*Task prompt*
Write out the listing below character for character, though without its pictures.

*Dataset extract*
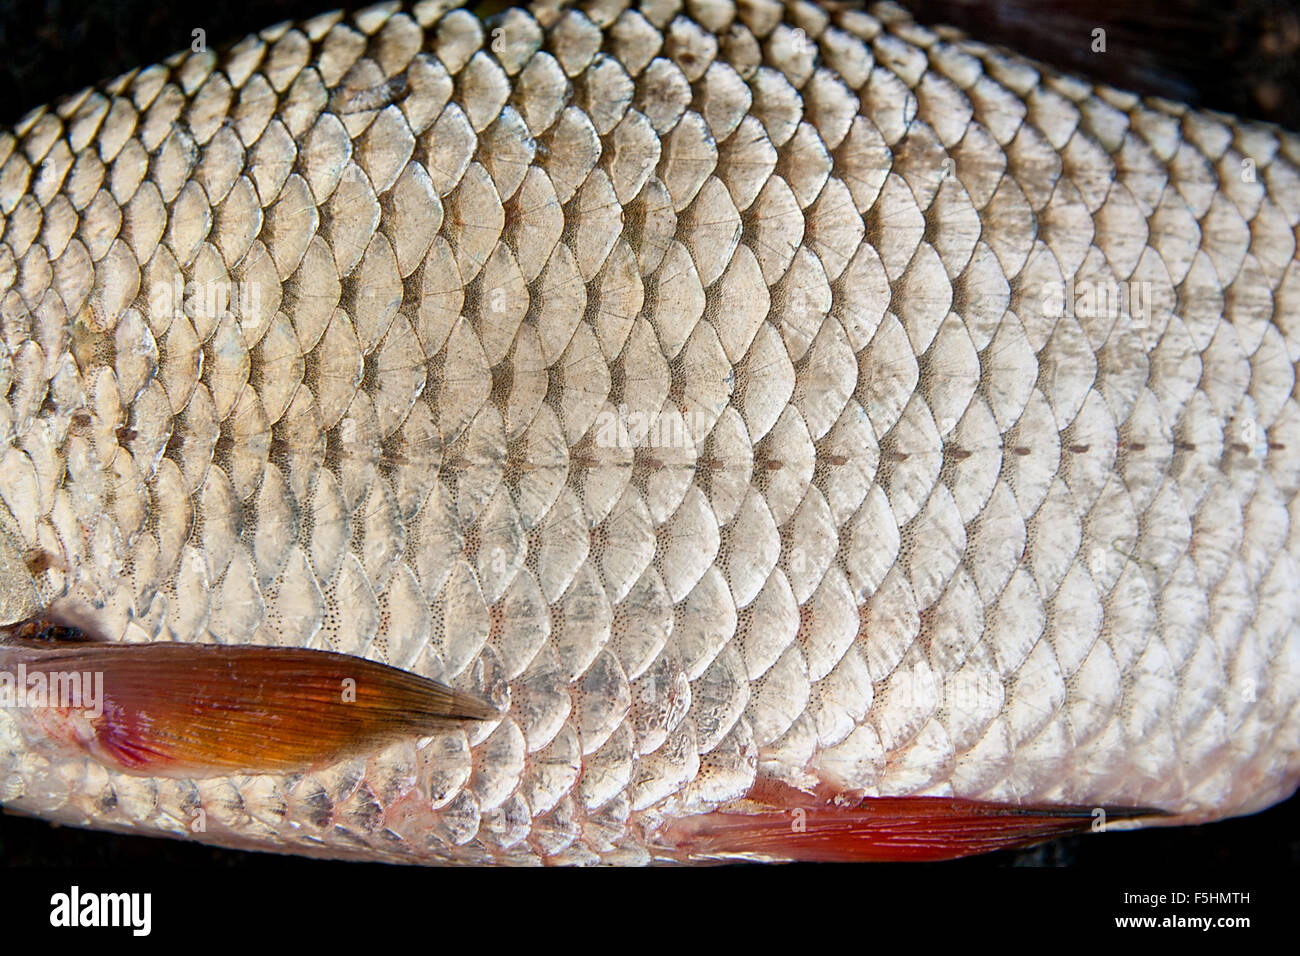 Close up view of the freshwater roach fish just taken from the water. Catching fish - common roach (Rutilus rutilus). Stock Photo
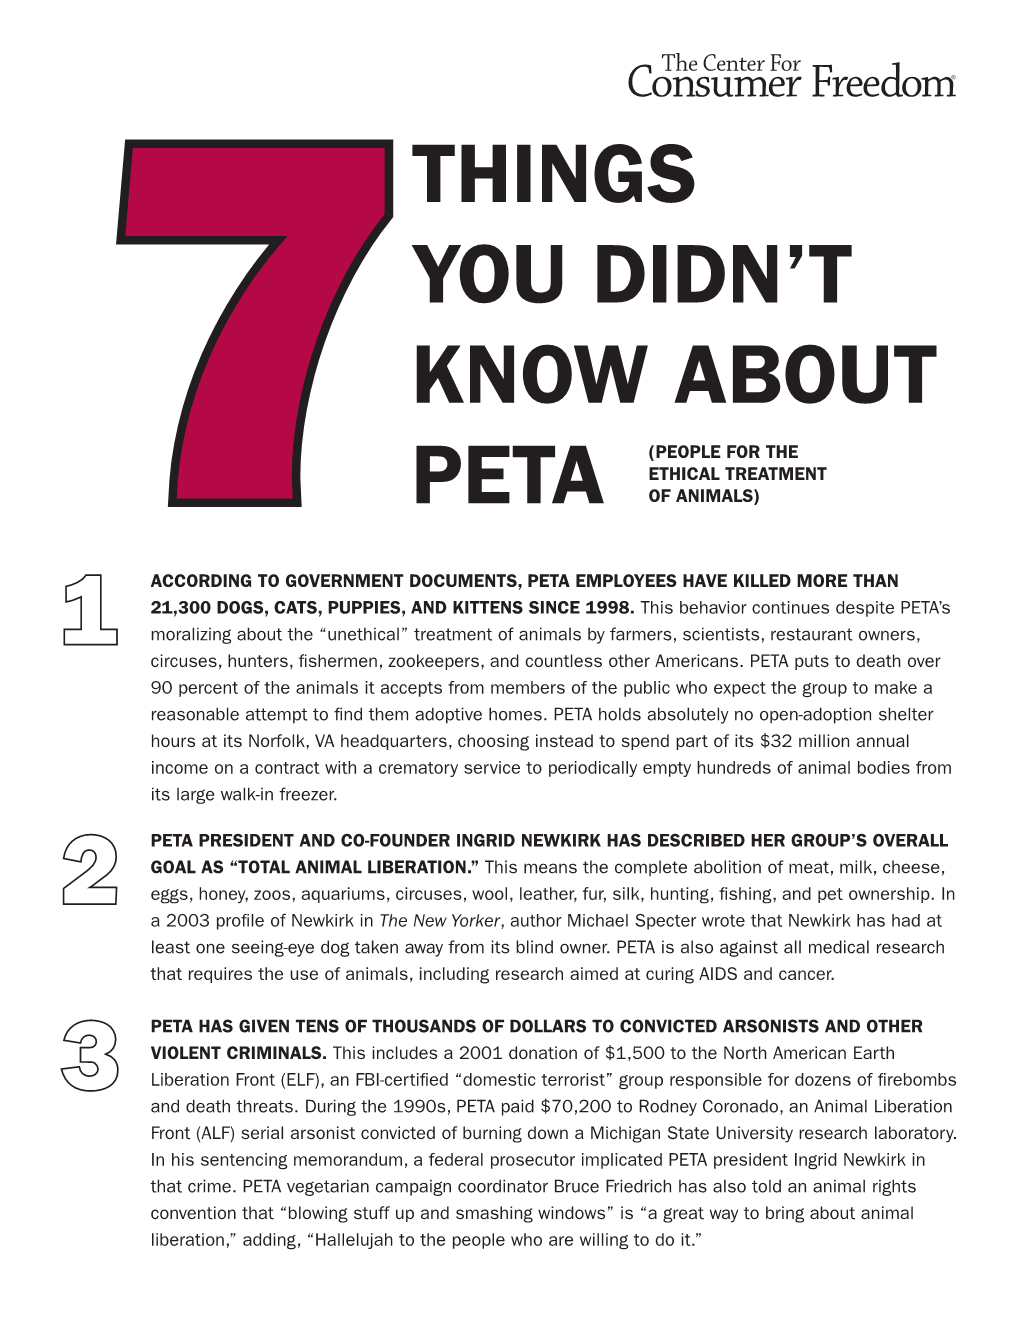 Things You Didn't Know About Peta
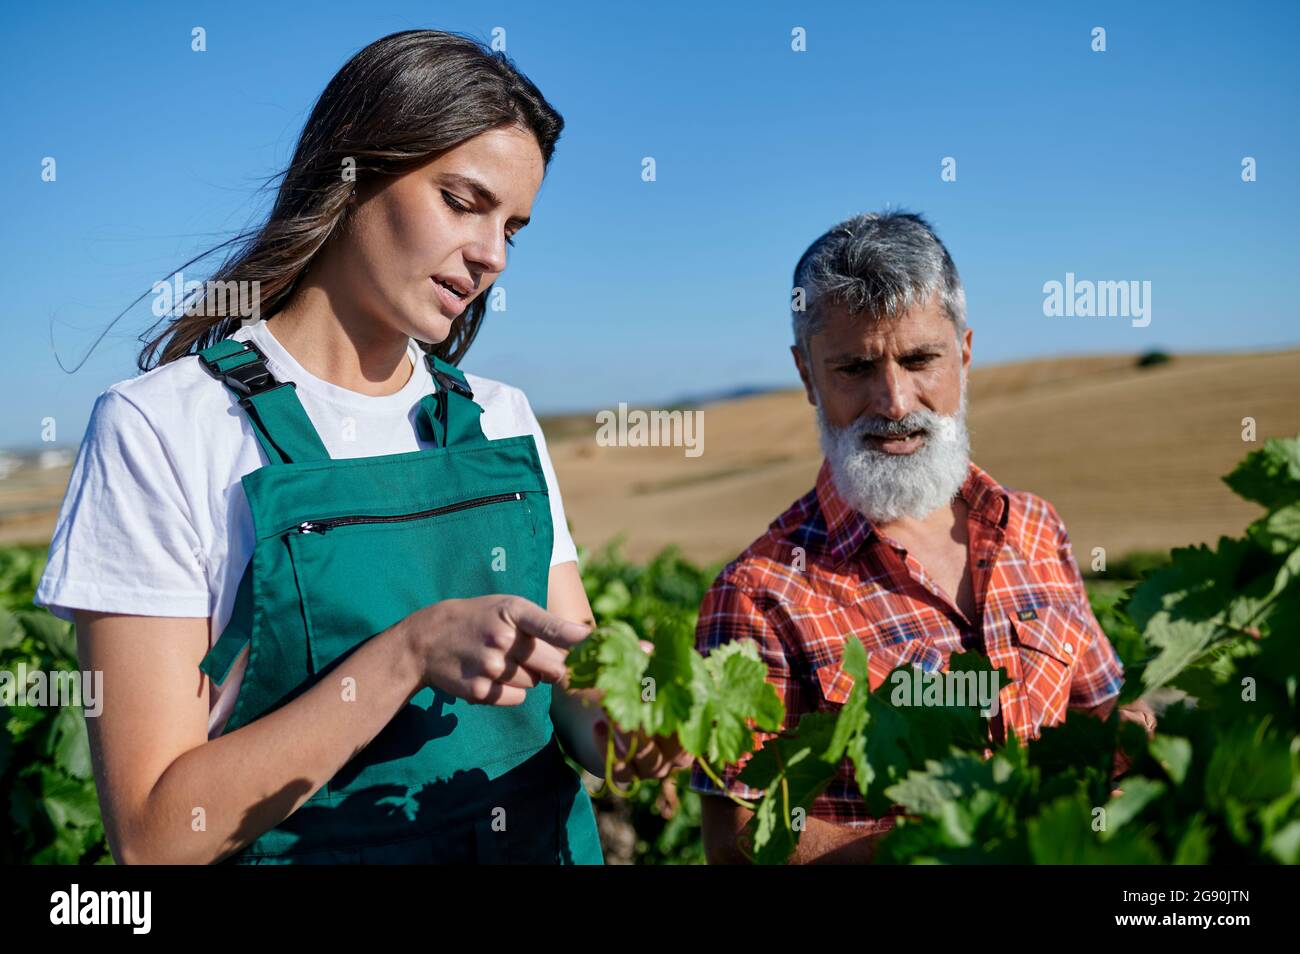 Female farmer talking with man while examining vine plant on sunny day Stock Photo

*Solved problem*
 Close up view of the freshwater roach fish just taken from the water. Catching fish - common roach (Rutilus rutilus). Stock Photo
 Things You Didn't Know About Peta
 Female farmer talking with man while examining vine plant on sunny day Stock Photo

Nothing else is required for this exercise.